►

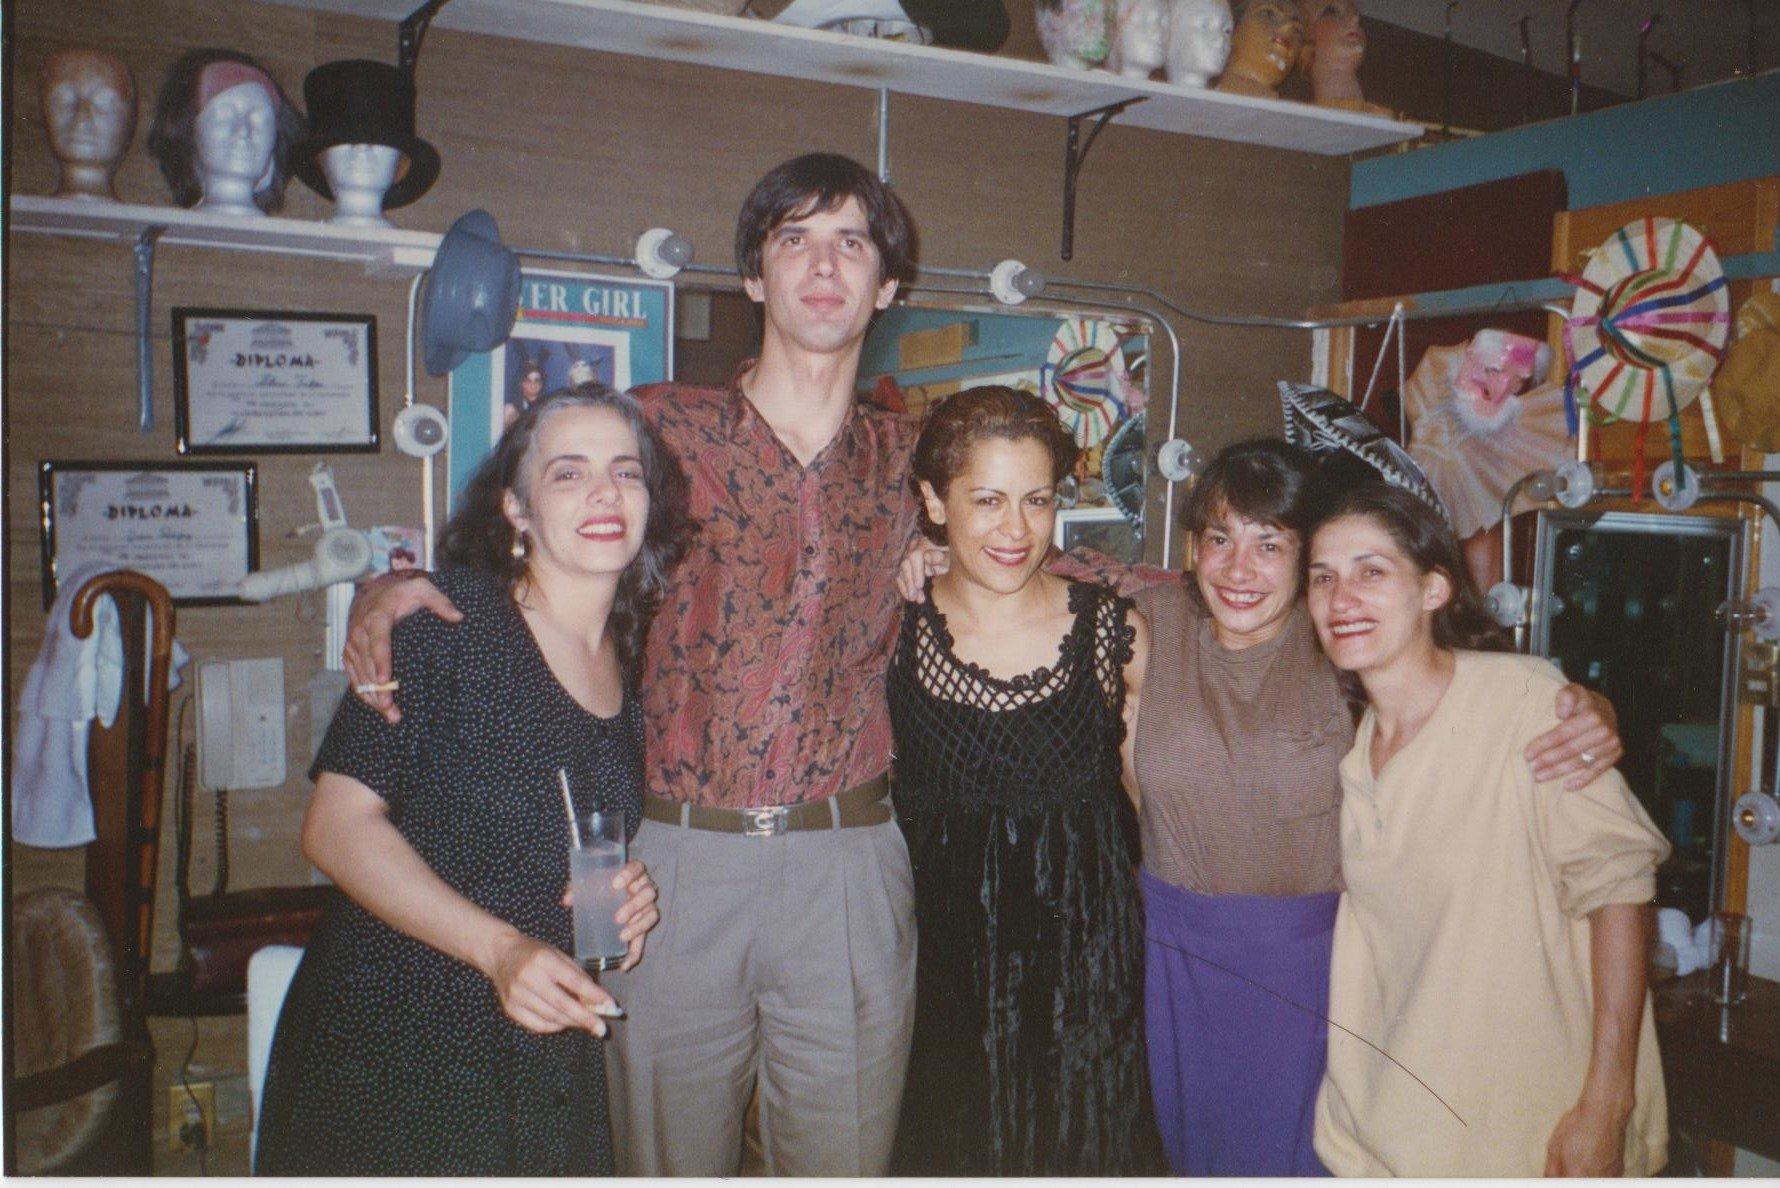 Malú Huacuja del Toro con Jesusa Rodríquez (der.), Eugenia León, Eduardo García Barrios y Annette Fradera (izq.) en el extinto Bar El Hábito, donde trabajó como guionista 5 años.
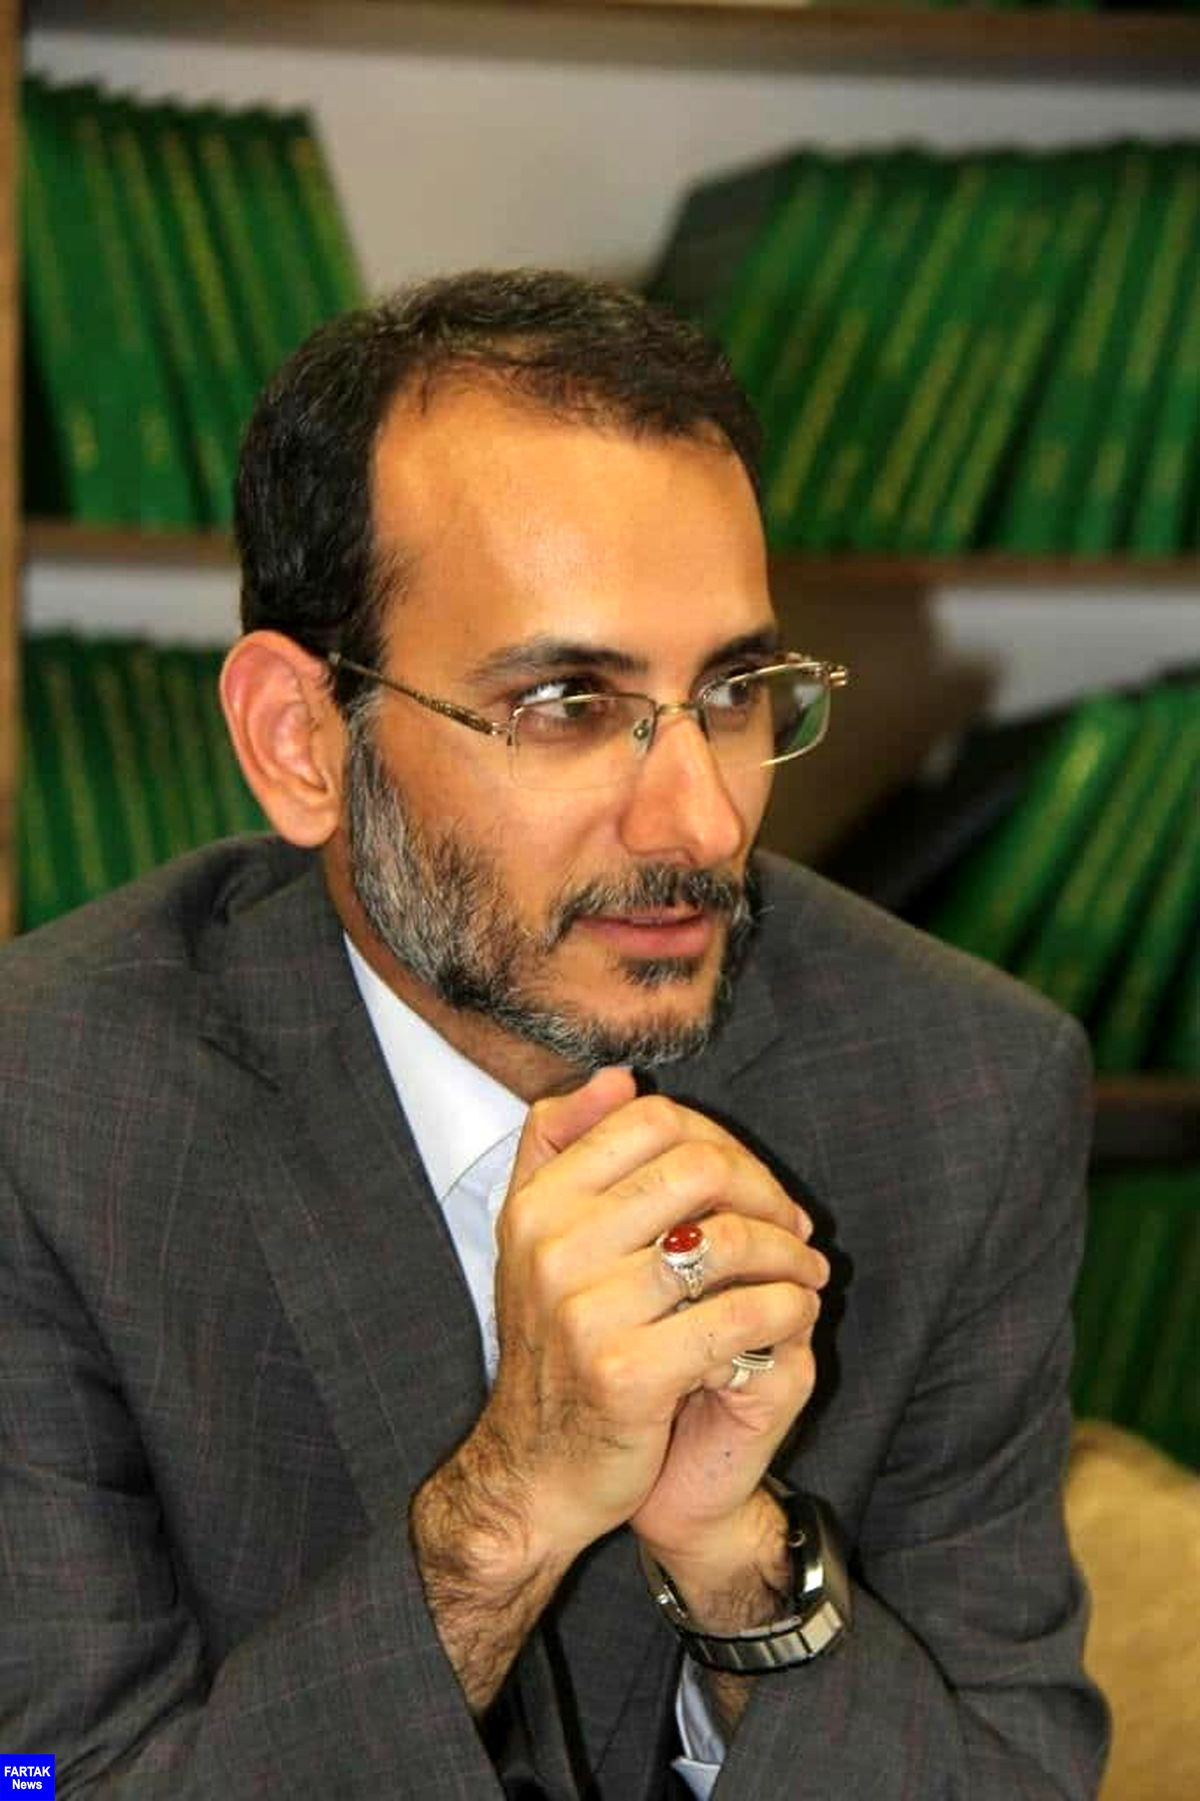 شناسایی چهار هزار و نهصد میلیارد تومان املاک شهرداری بعنوان پشتوانه ی مالی شهرداری کرمانشاه
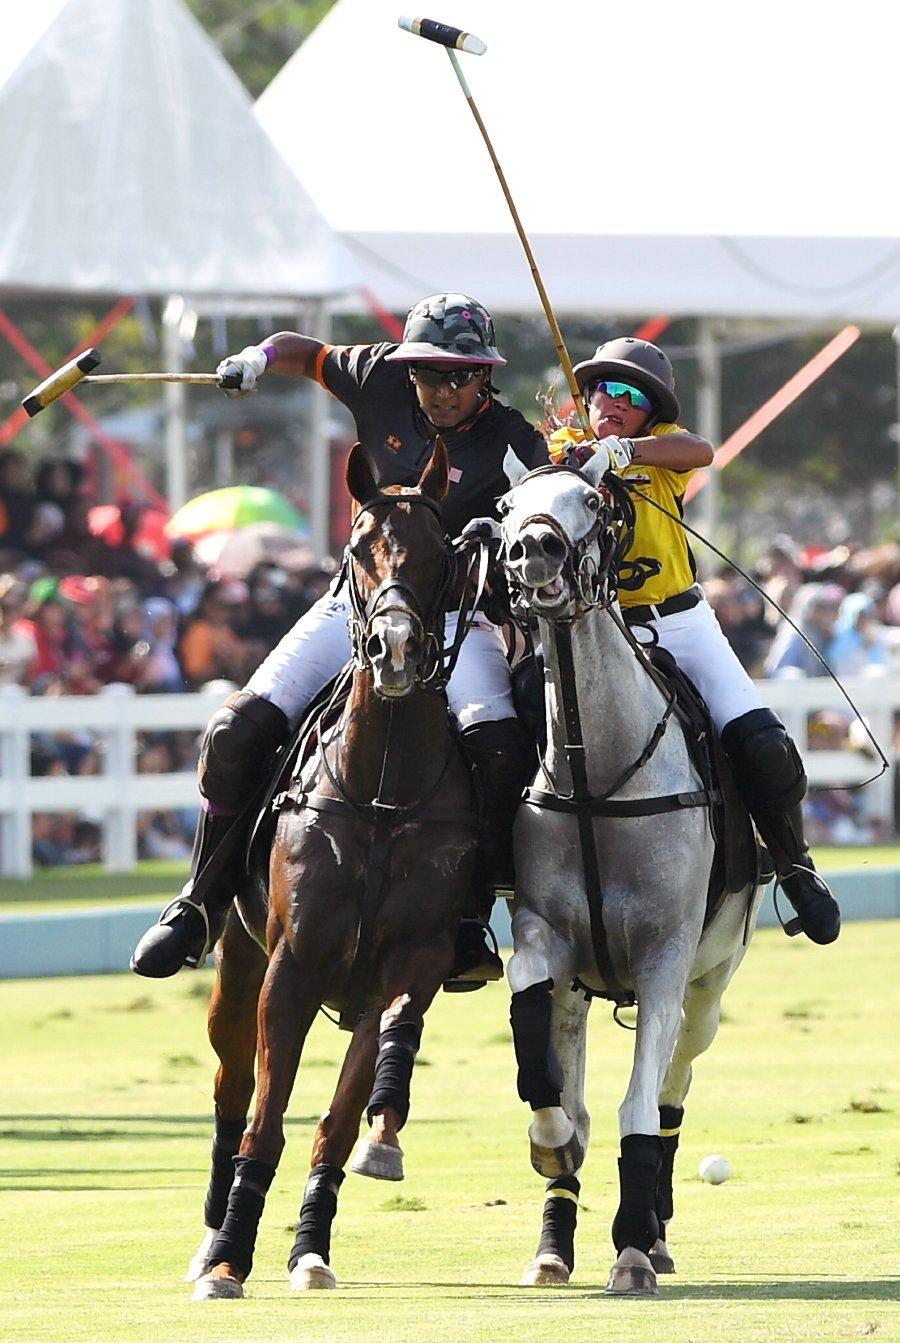 Kl2017 Star Studded Polo Affair As Kj Squares Up To
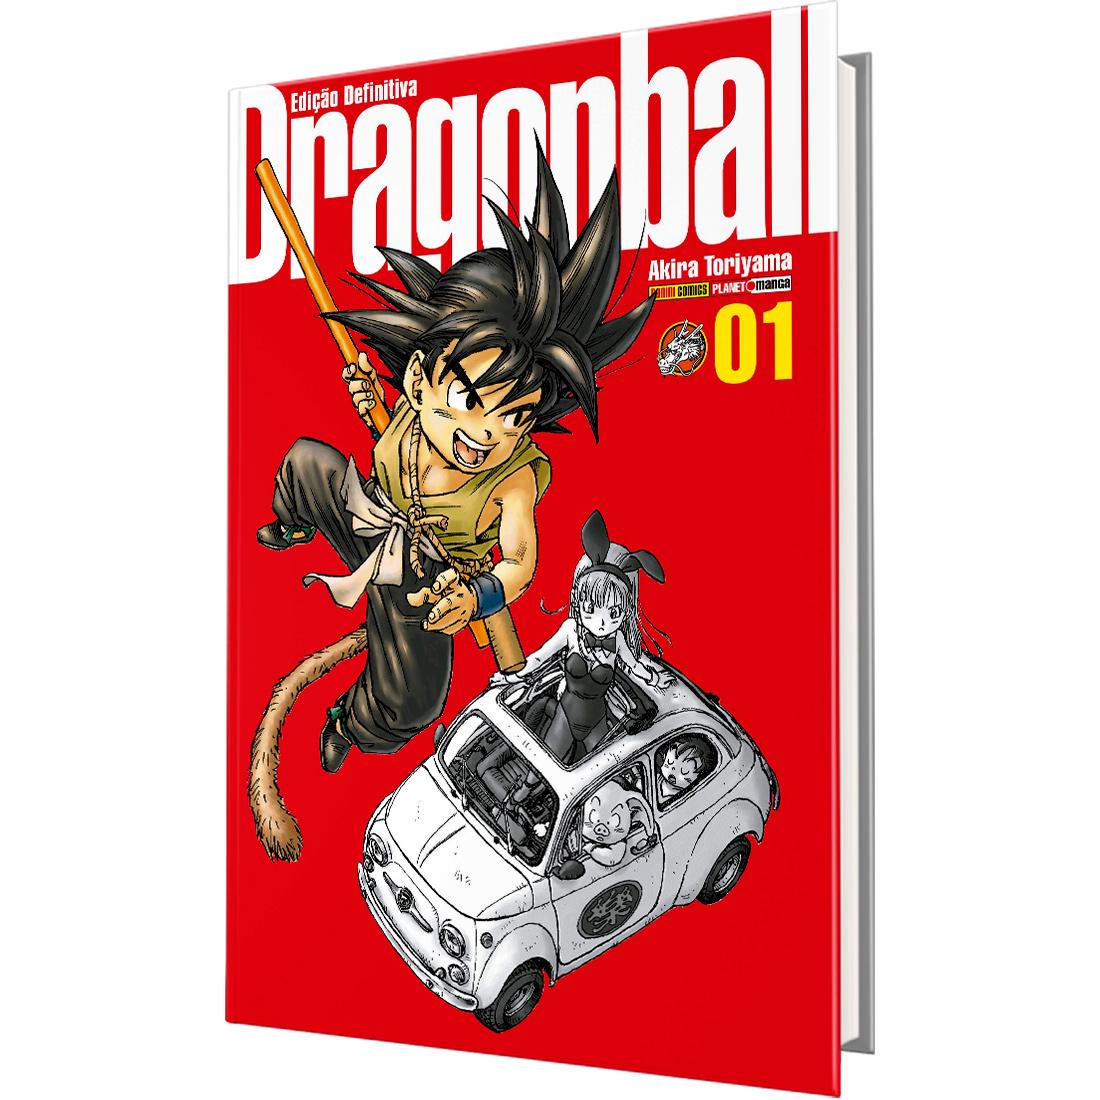 Dragon Ball - Edição Definitiva Vol. 1
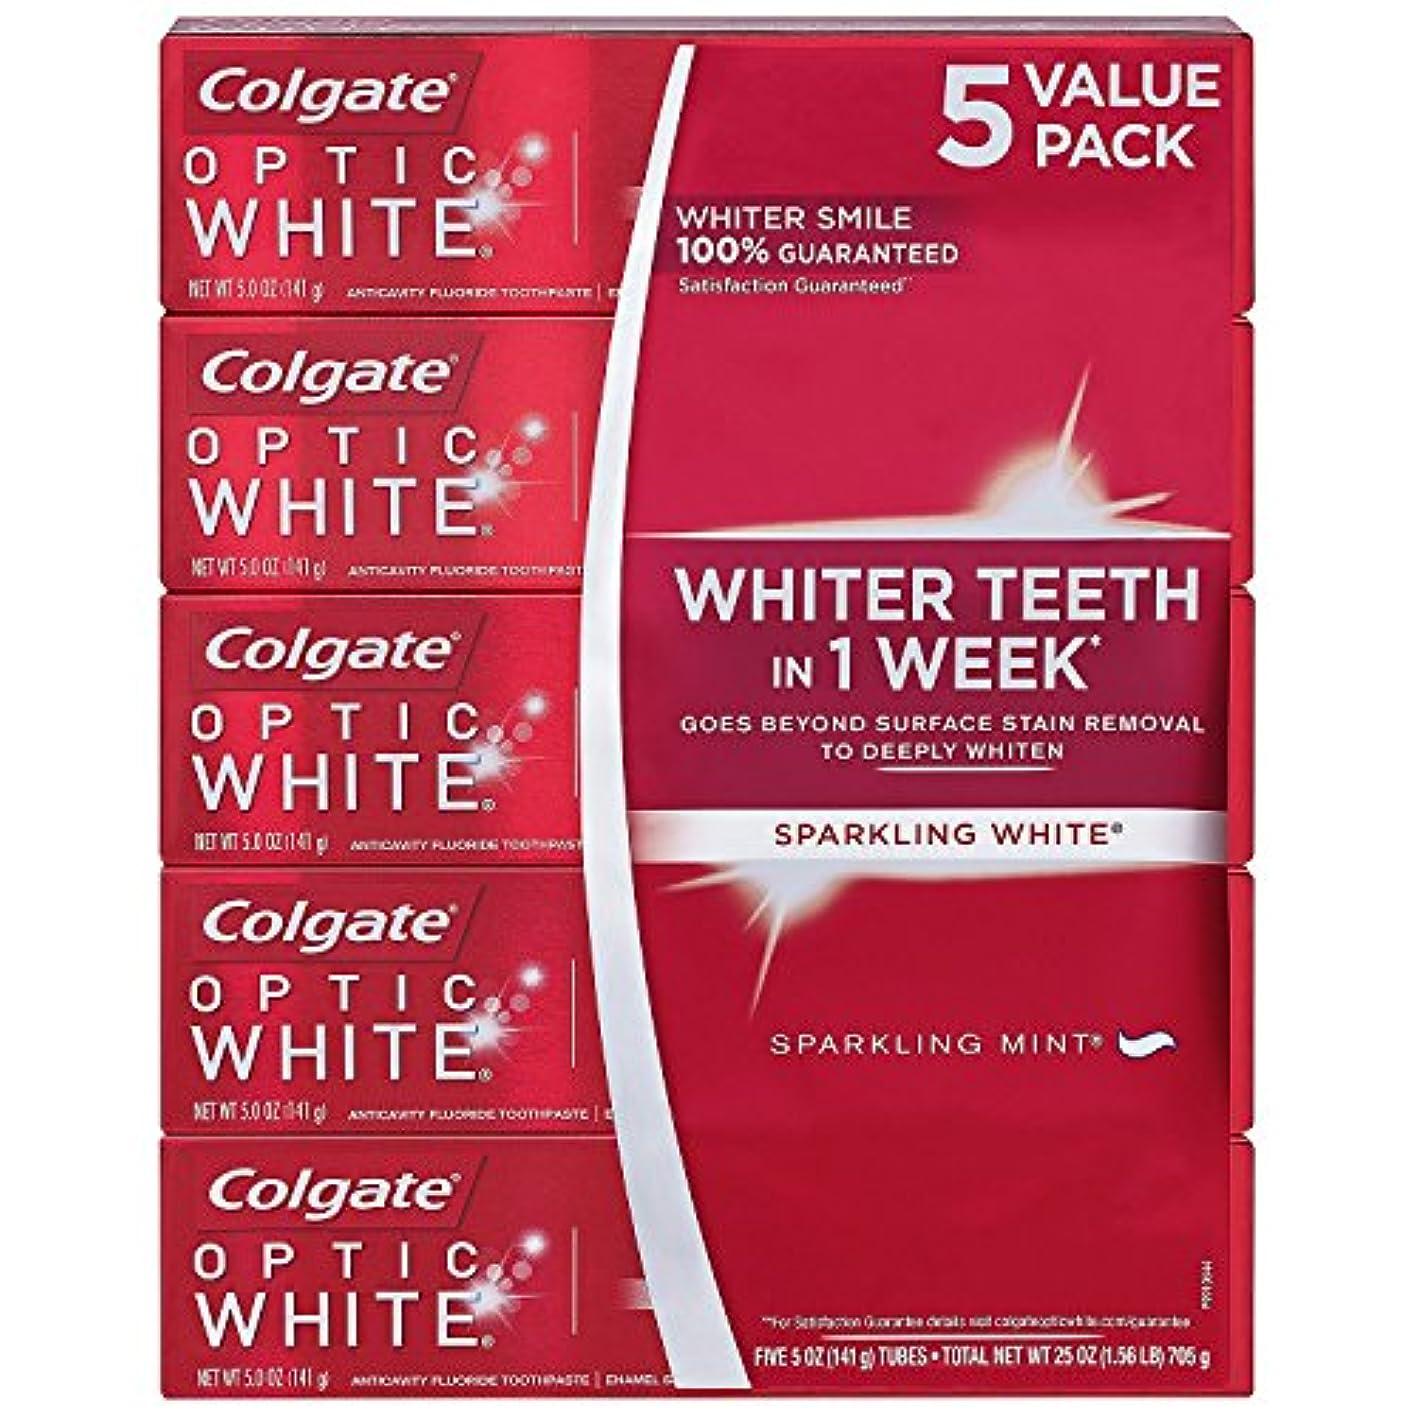 近代化分子フリース海外直送品 Colgate Optic White コルゲート オプティック ホワイト スパークリングミント141g ×5本 [Pack of 5]

◄

Repeat all the material above exactly, apart from the pictures.

**Reply to the exercise**
 Malú Huacuja del Toro con Jesusa Rodríquez (der.), Eugenia León, Eduardo García Barrios y Annette Fradera (izq.) en el extinto Bar El Hábito, donde trabajó como guionista 5 años.
 شناسایی چهار هزار و نهصد میلیارد تومان املاک شهرداری بعنوان پشتوانه ی مالی شهرداری کرمانشاه
 Kl2017 Star Studded Polo Affair As Kj Squares Up To
 Dragon Ball - Edição Definitiva Vol. 1
 近代化分子フリース海外直送品 Colgate Optic White コルゲート オプティック ホワイト スパークリングミント141g ×5本 [Pack of 5]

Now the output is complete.